The write stream also pays special attention to the block based APIs based on #next:putAll:startingAt:, translating that to as few block calls as possible.

Conclusions

From the 300ft view the cached streams look very much like the buffered streams in the library, the only difference being that the buffer is circular with the cached stream. That however is the crucial difference catering to different purpose. The buffered streams are meant to accumulate small reads and writes to minimize the expense of the system read-write calls. A circular buffer wouldn’t work at all for this purpose. Conversely the discontinuous operation of these buffers is the cause of the socket stream blowing up on simple peek when it happens to cross the buffer boundary. You really need a continuous (circular) buffer to support reliable skipping. Different purpose needs different buffering strategy.
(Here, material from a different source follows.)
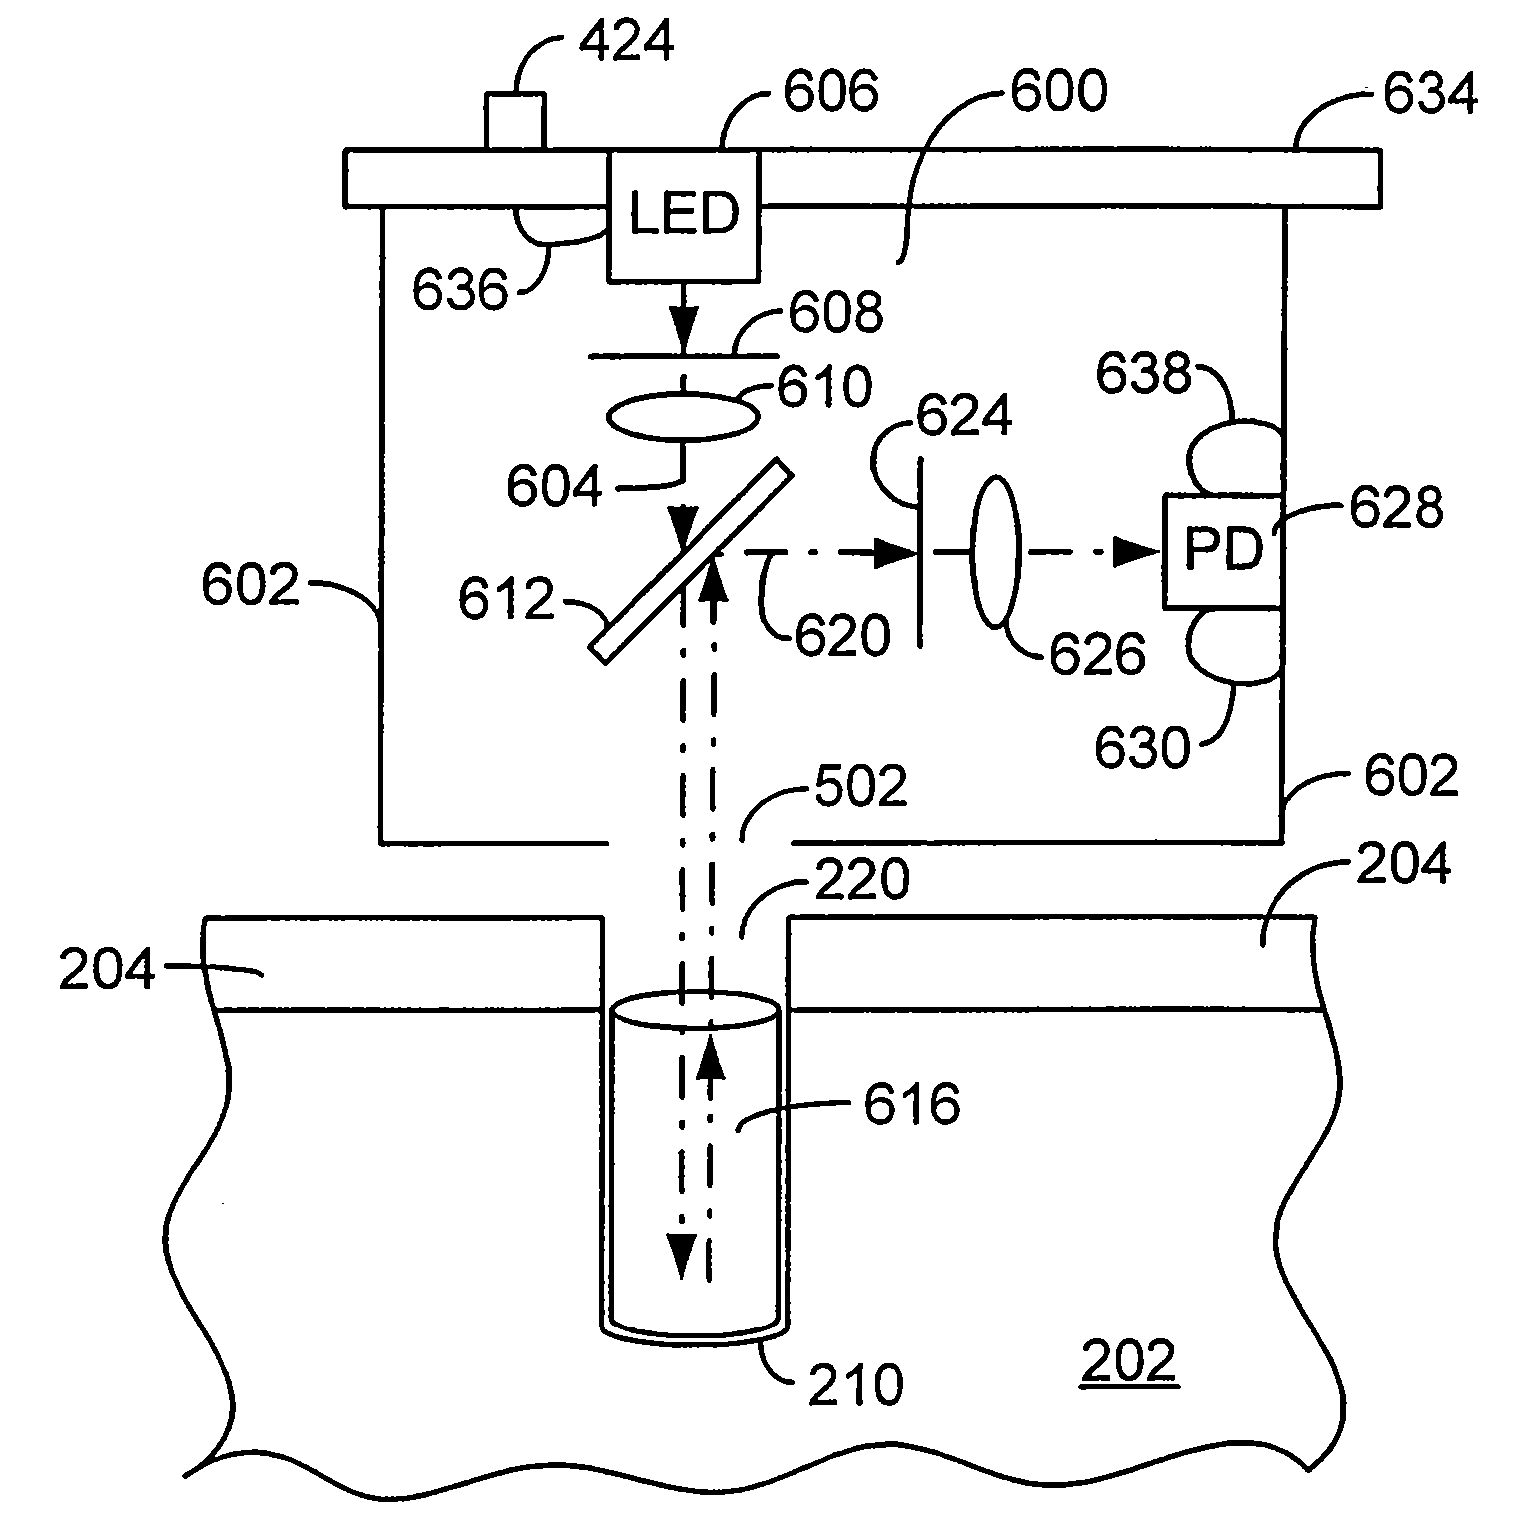 Systems and methods for fluorescence detection with a movable detection module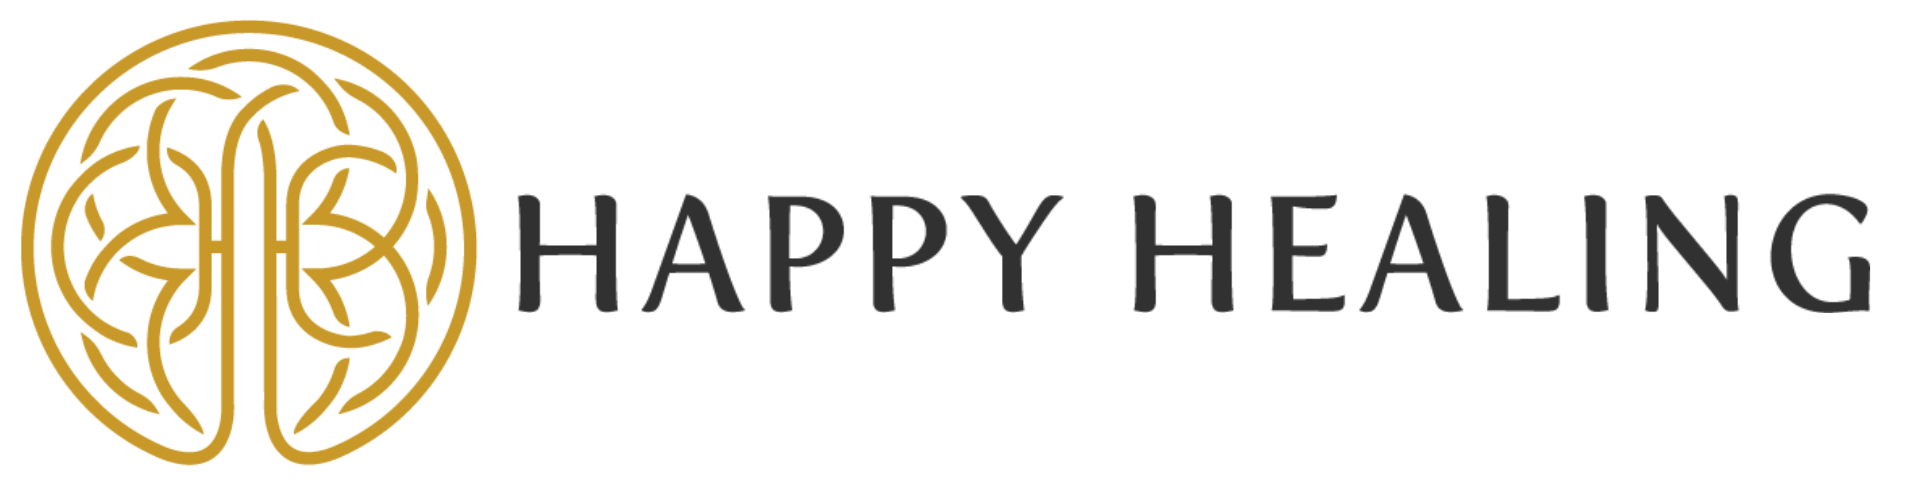 Logo of The Happy Healing Store featuring symbolic healing elements.

The cached streams should work well for any algorithm where you can predict maximum size of the step back that you’re going to need. However that is not always a practical assumption. My favorite example for this is BER/DER encoding in ASN.1 where you have deeply nested trees of length prefixed encodings of pretty much arbitrary size. There’s an idea I’d like to pursue in this regard inspired by the “marking” capability I noticed in the java.nio.Buffer class when I was looking at the stream hierarchy in J2SE. I envision being able to #mark the current position in the stream to inform it that it needs to start caching, and be able to #reset back to that position. However to be able to handle nested structures like BER encoding conveniently I think I’ll need to maintain a stack of markers. Also since the buffer will need to to grow arbitrarily, I plan to use a paged buffer so that I can grow and shrink it efficiently. Anyway I’ll see how that’s going to pan out. It might make a nice topic for another post.

Any comments, suggestions, etc are appreciated.